Published online Jun 7, 2013. doi: 10.3748/wjg.v19.i21.3332
Revised: February 18, 2013
Accepted: March 6, 2013
Published online: June 7, 2013
Processing time: 172 Days and 15.2 Hours
AIM: To describe protease serine 1 (PRSS1) gene mutations in patients with autoimmune pancreatitis (AIP) and the clinical features of AIP.
METHODS: Fourteen patients with AIP, 56 with other chronic pancreatitis, 254 with pancreatic cancer and 120 normal controls were studied. The mutations and polymorphisms of four genes involved with pancreatitis or pancreatic cancer, PRSS1, SPINK1, CFTR and MEN1, were sequenced. The pathogenic mechanism of AIP was investigated by comparing the wild-type expression system with the p.81Leu→Met mutant expression system.
RESULTS: Two novel mutations (p.81Leu→Met and p.91Ala→Ala) were found in PRSS1 gene from four patients with AIP. PRSS1_p.81Leu→Met mutation led to a trypsin display reduction (76.2%) combined with phenyl agarose (Ca2+ induced failure). Moreover, the ratio of trypsin/amylase in patients with AIP was higher than in the patients with pancreatic cancer and other pancreatitis. A large number of lymphocytes and plasma cells were found in the bile ducts accompanied by hyperplasia of myofibroblasts.

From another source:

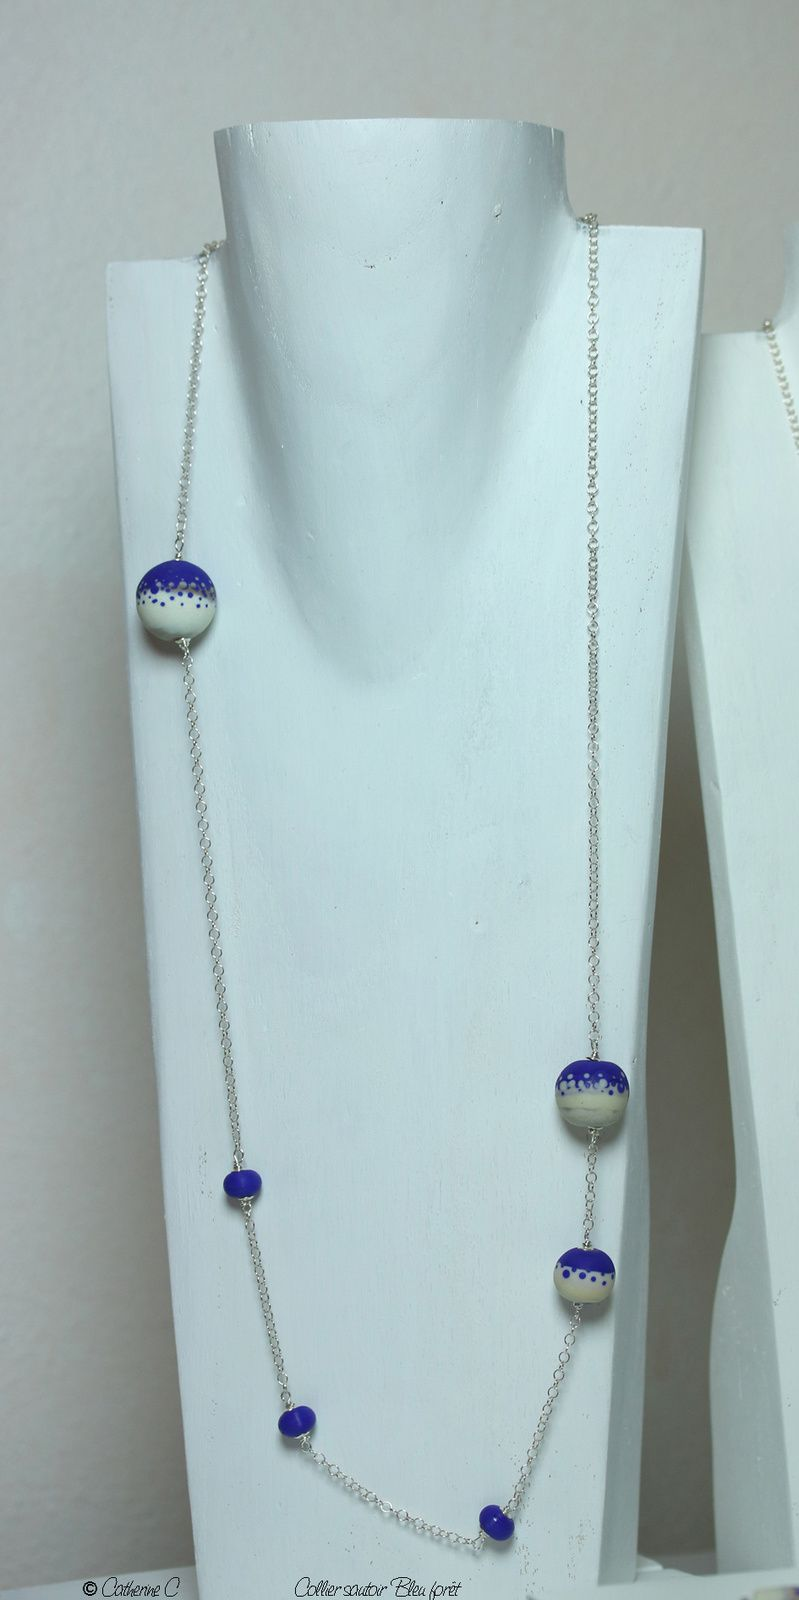 Collier sautoir Bleu forêt
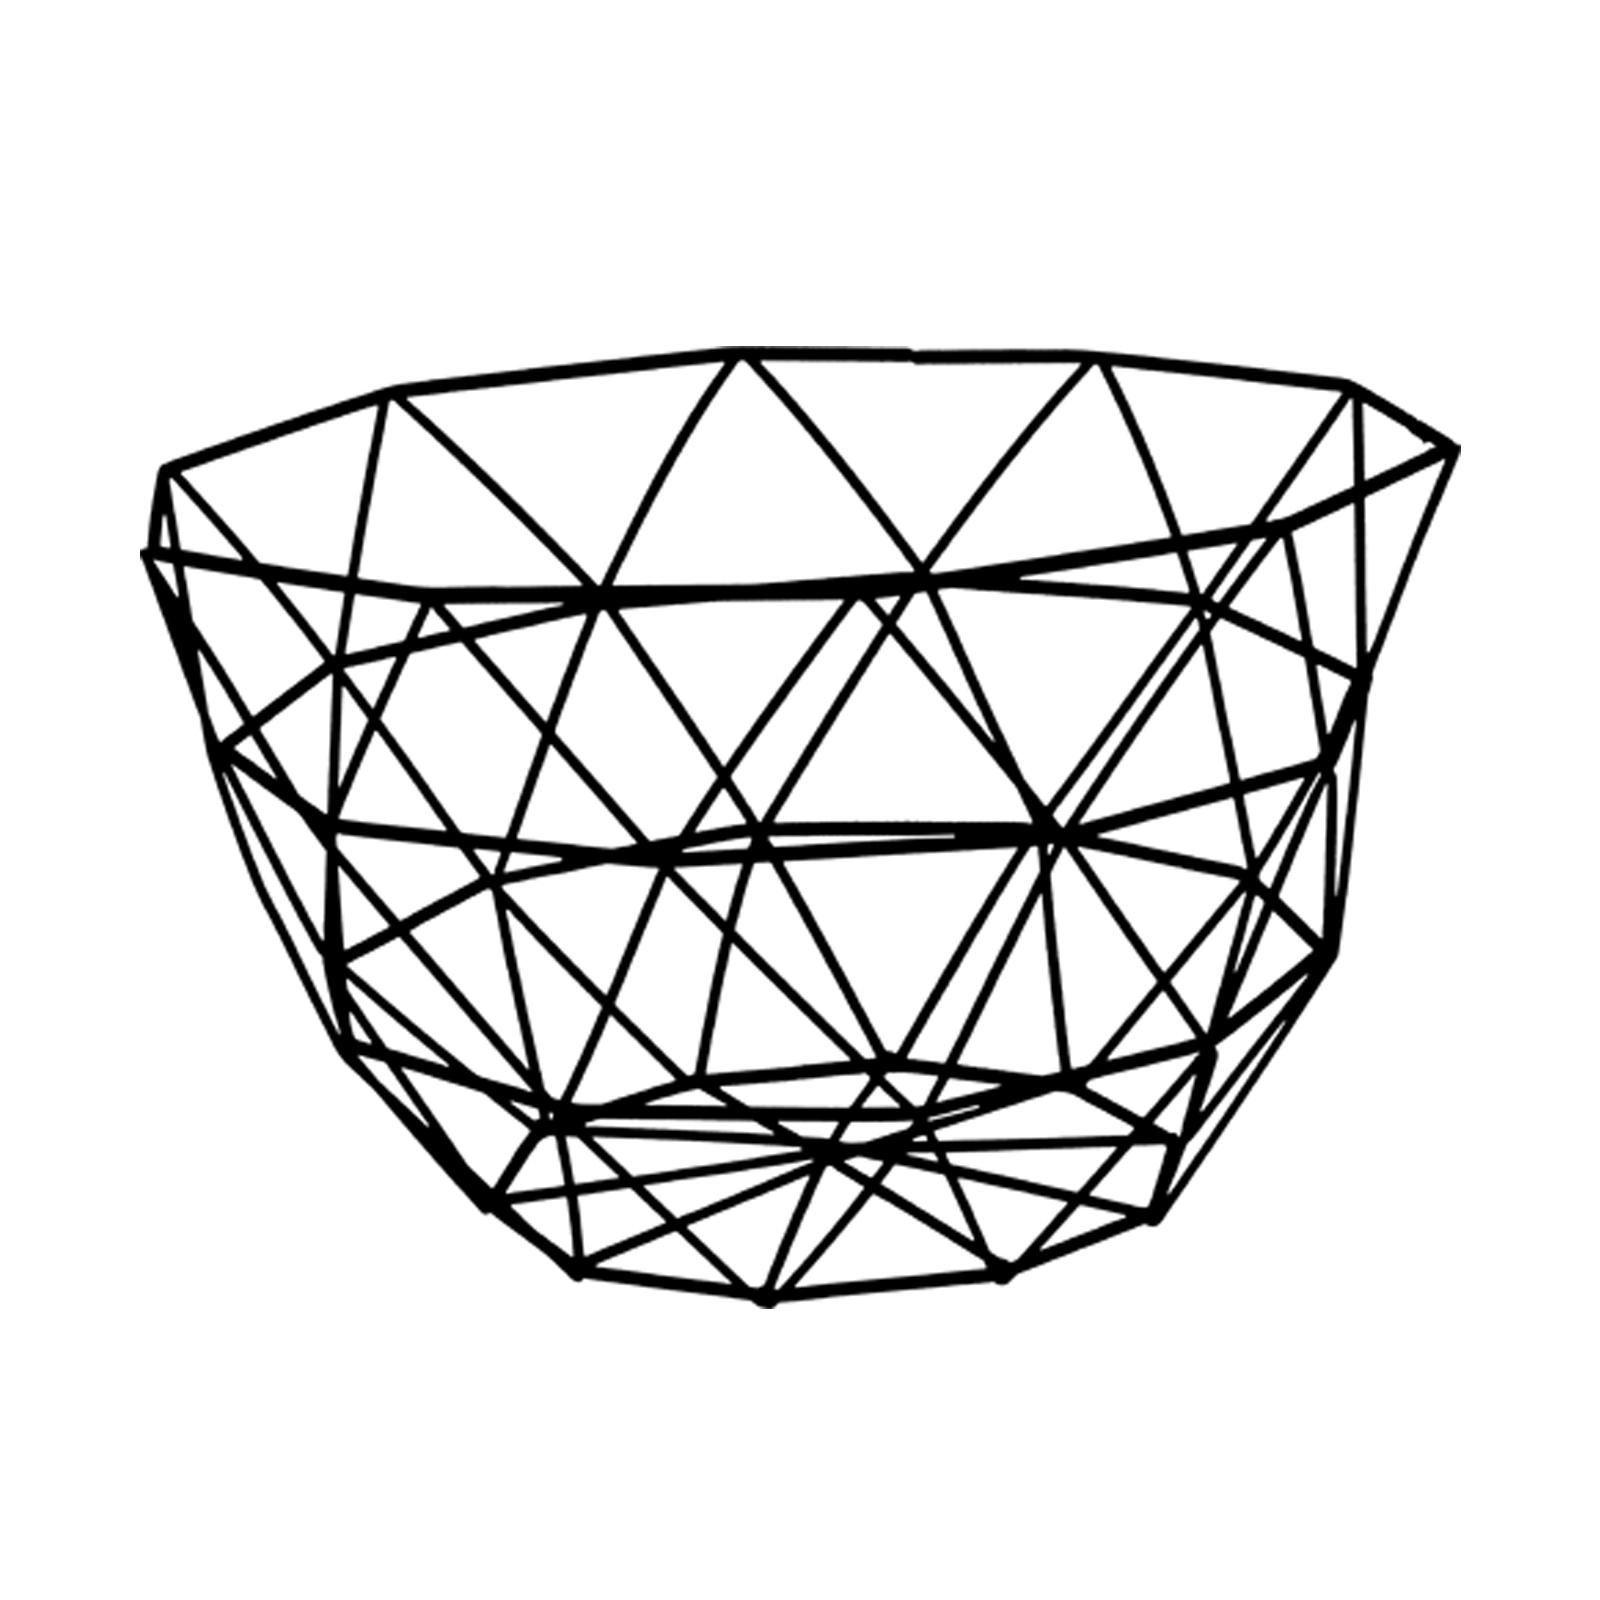 obstkorb gitterkorb drahtkorb metall korb draht brotkorb kartoffelkorb dekokorb ebay. Black Bedroom Furniture Sets. Home Design Ideas

CONCLUSION: Autoimmune pancreatitis may be related to PRSS1 gene mutations.
Core tip: Novel mutations (p.81Leu→Met and p.91Ala→Ala) were found in protease serine 1 gene from the patients with autoimmune pancreatitis. Trypsinogen abnormal activation resulted in multiple organ injuries. And this offers direct evidence in support of the trypsinogen gene mutation and abnormal immune system.